Assignment:
Pictures excluded, reproduce exactly the lines below from the one with "rödhårig sittande på en bänk foto" through the one with "発掘するスモッグウィンク【医", both included.

Records supplied:

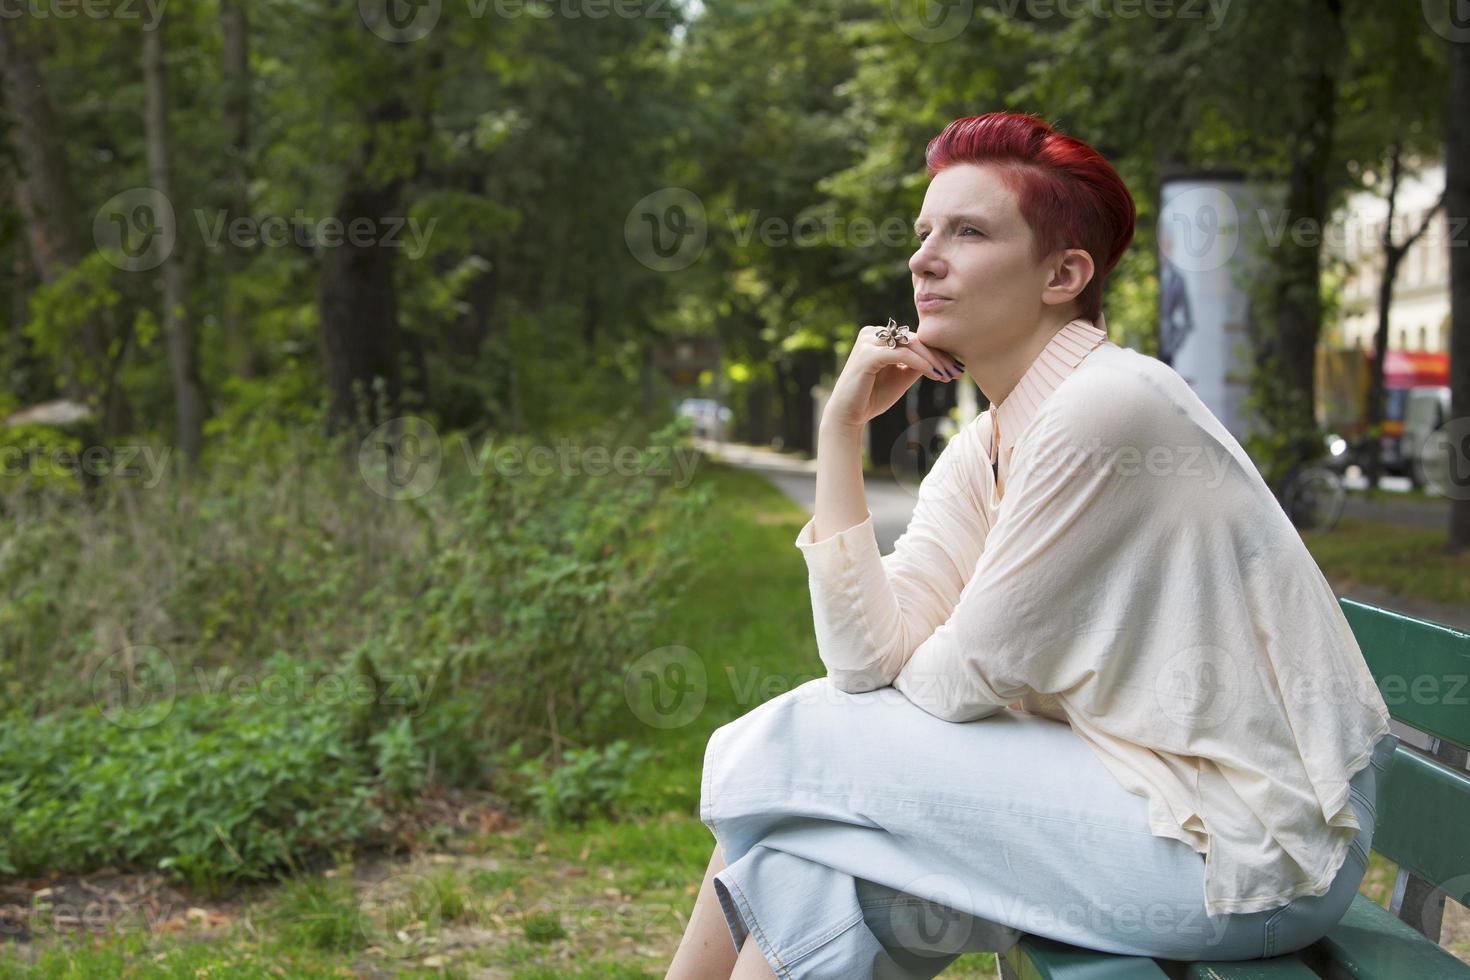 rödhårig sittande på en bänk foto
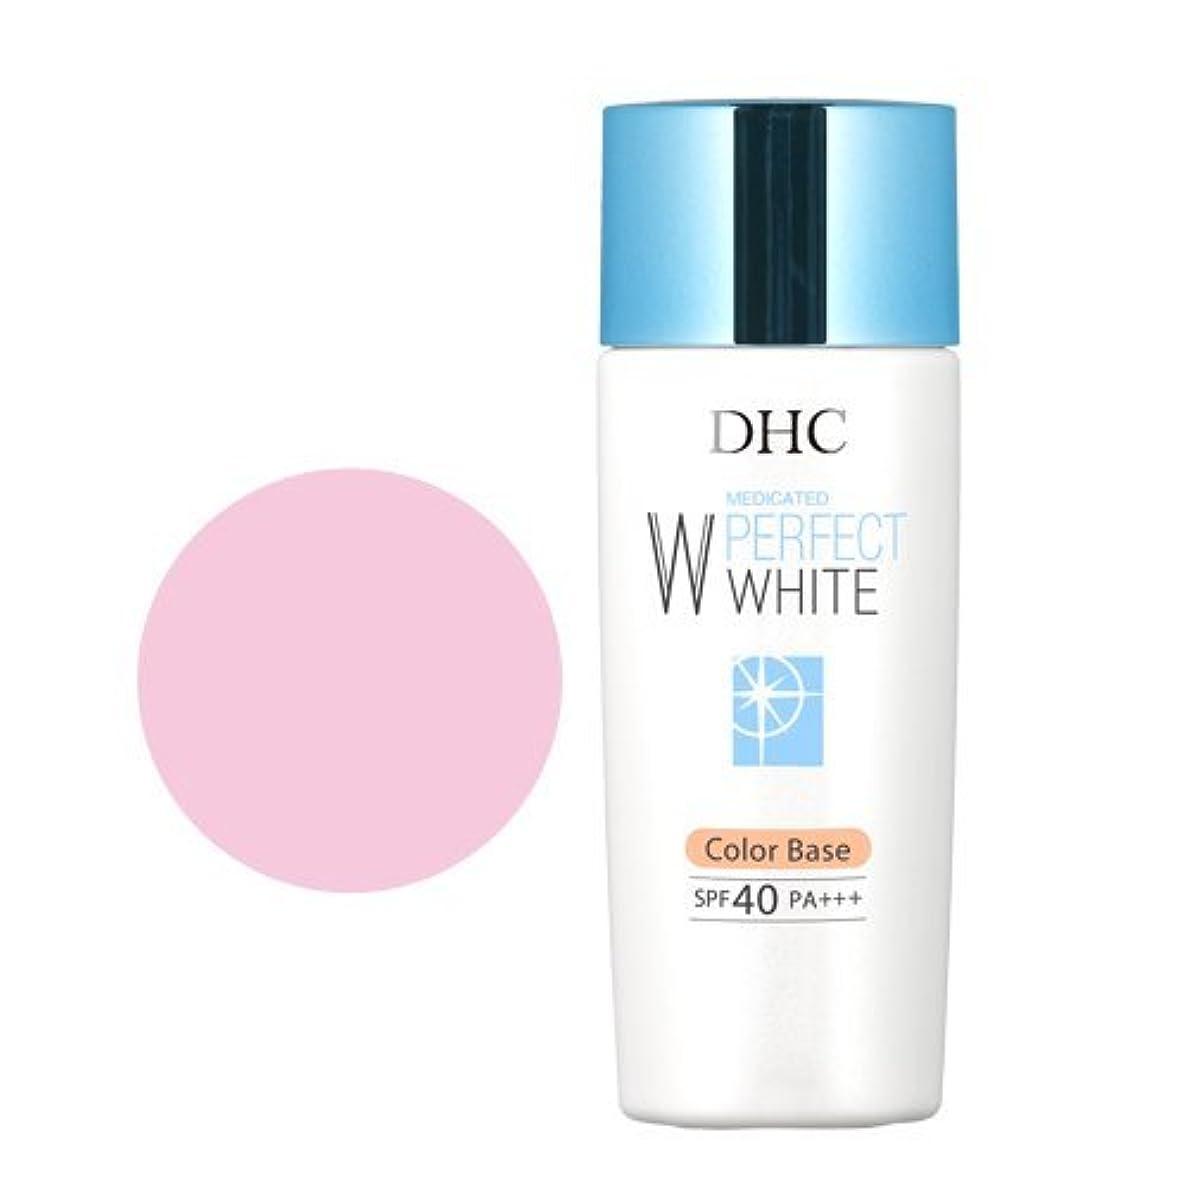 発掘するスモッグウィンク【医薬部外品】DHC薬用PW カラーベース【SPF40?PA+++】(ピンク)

* * *

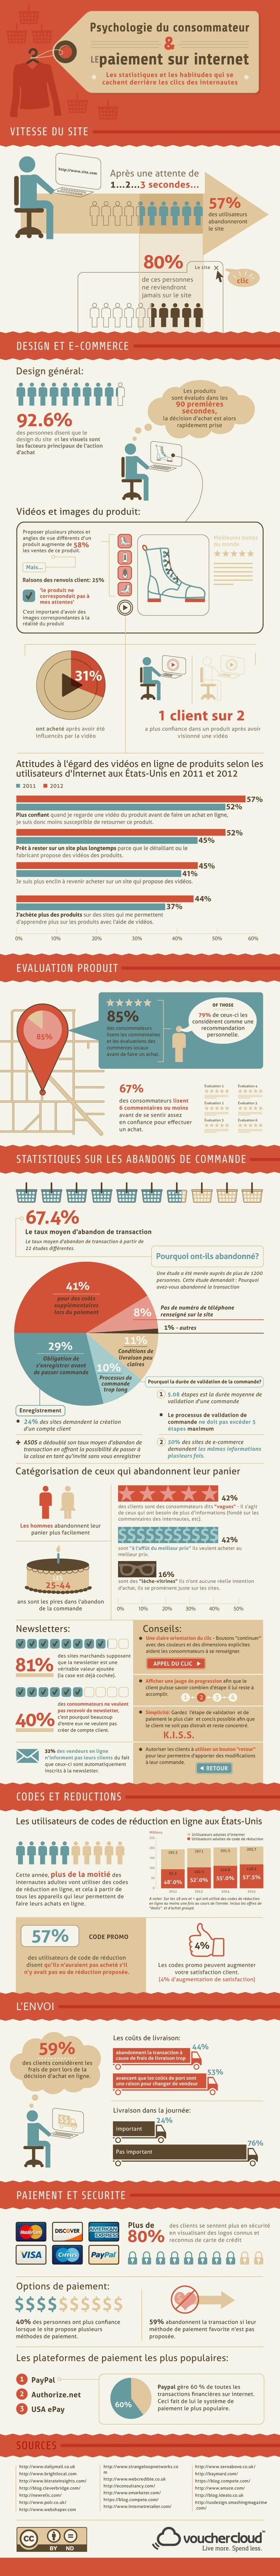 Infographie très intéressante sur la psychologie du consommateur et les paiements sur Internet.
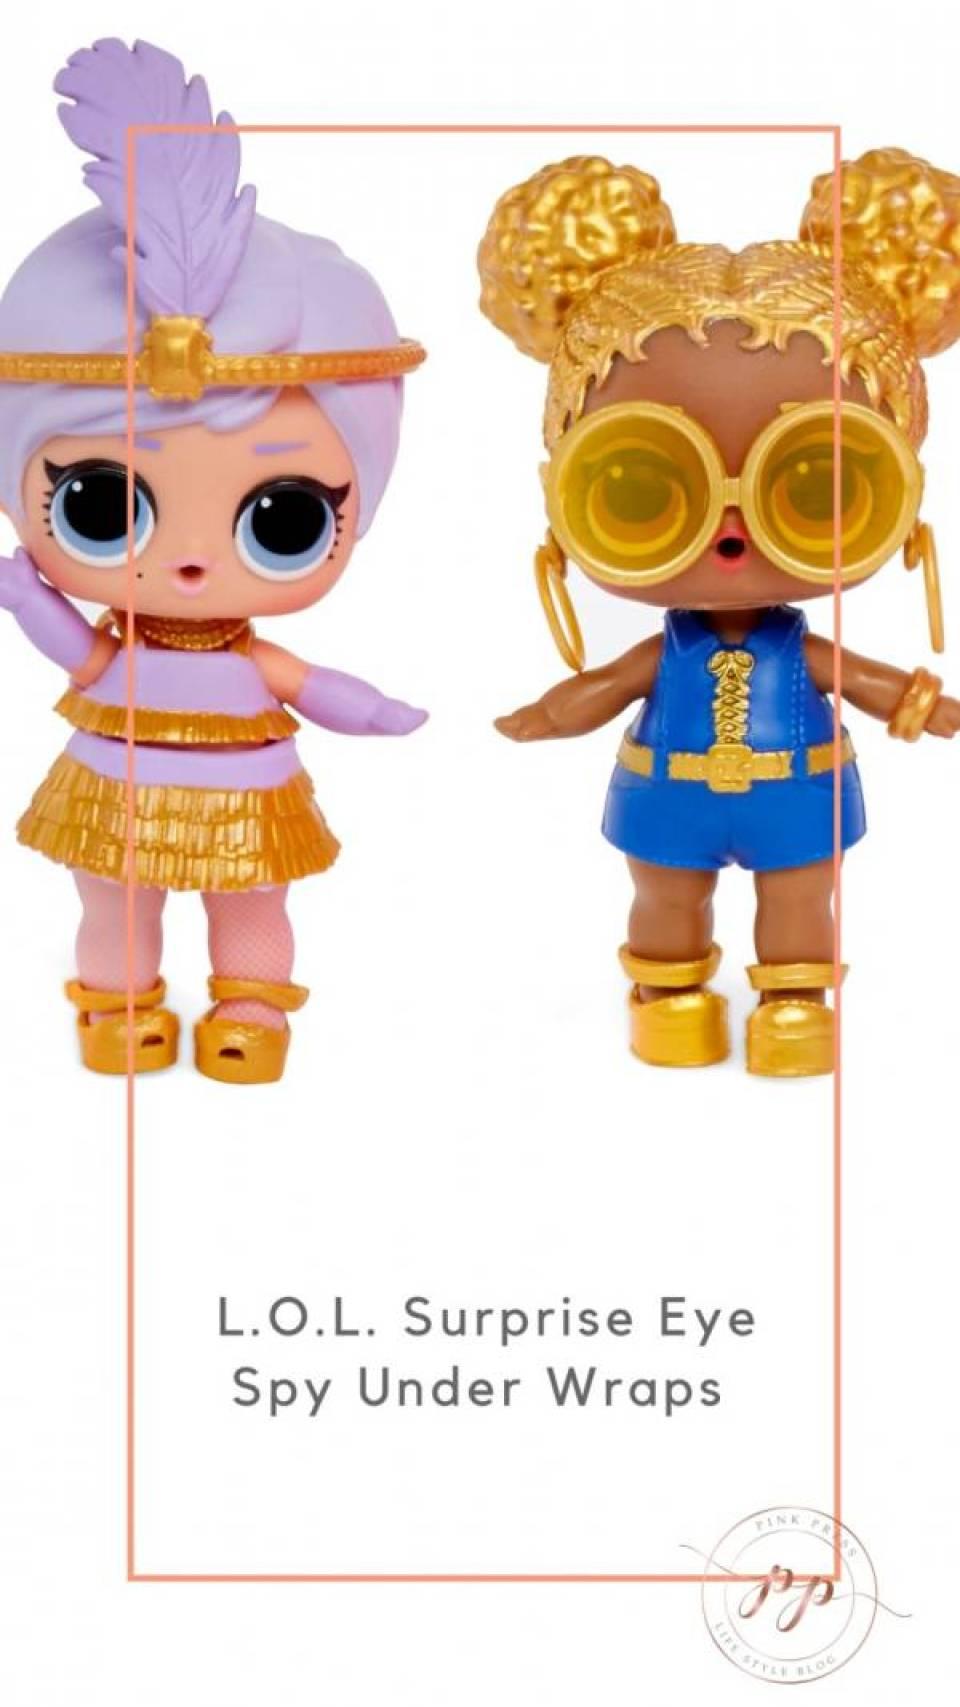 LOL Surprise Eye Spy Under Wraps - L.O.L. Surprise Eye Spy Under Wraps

---

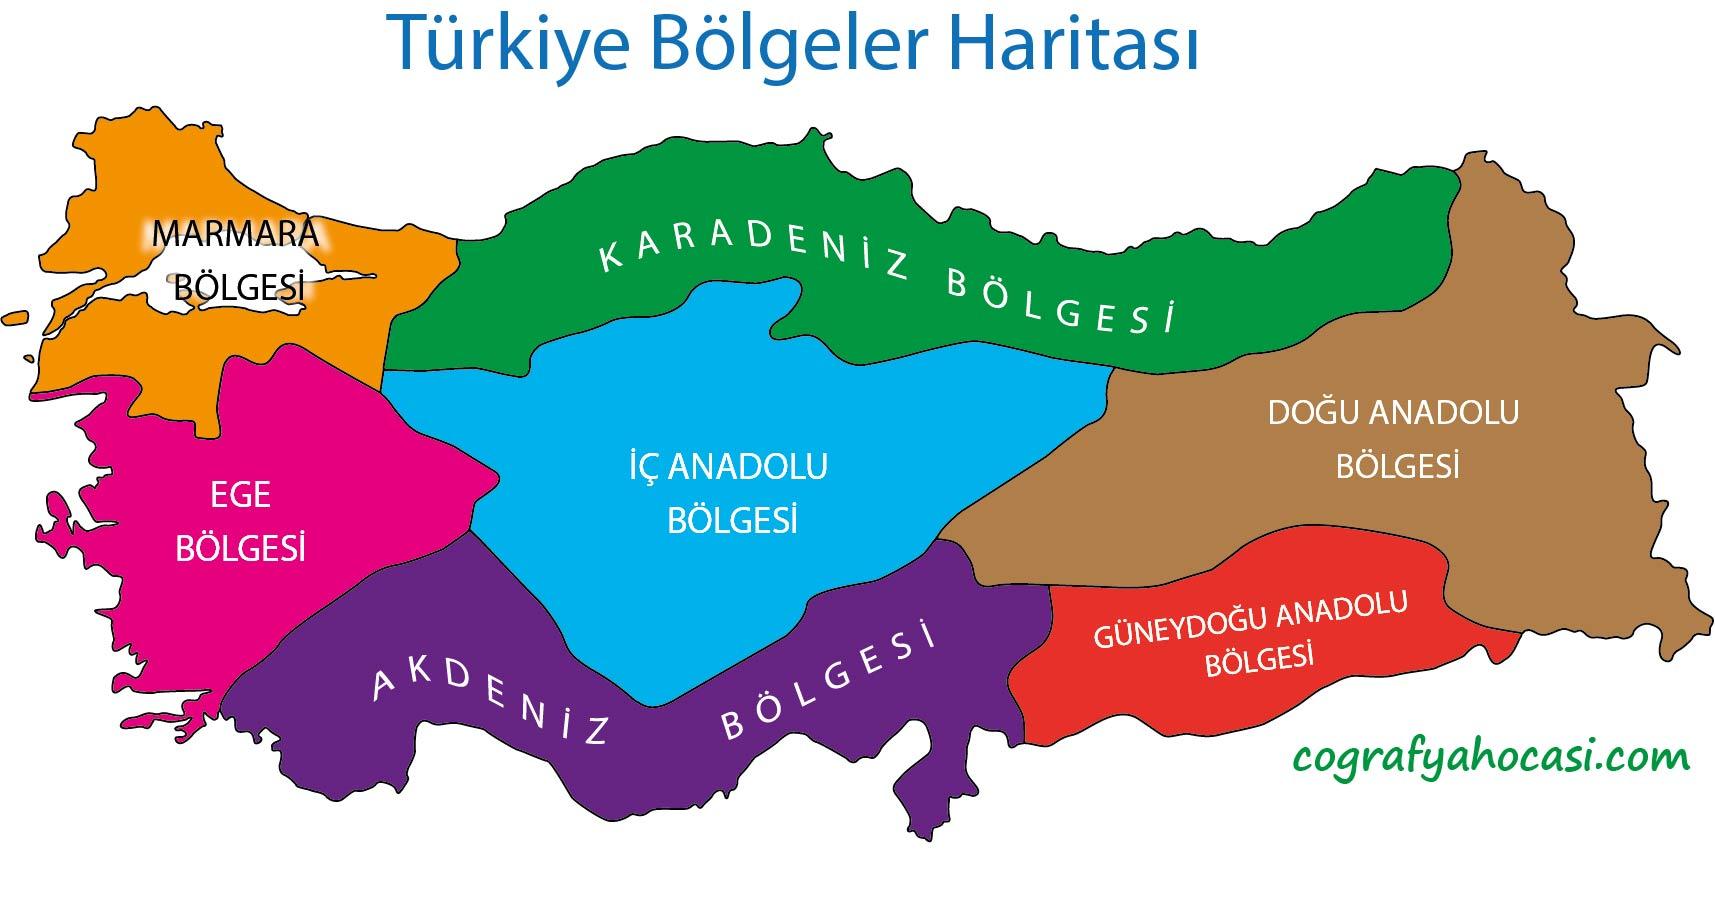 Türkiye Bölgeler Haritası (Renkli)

Result of the task:
 rödhårig sittande på en bänk foto
 発掘するスモッグウィンク【医薬部外品】DHC薬用PW カラーベース【SPF40?PA+++】(ピンク)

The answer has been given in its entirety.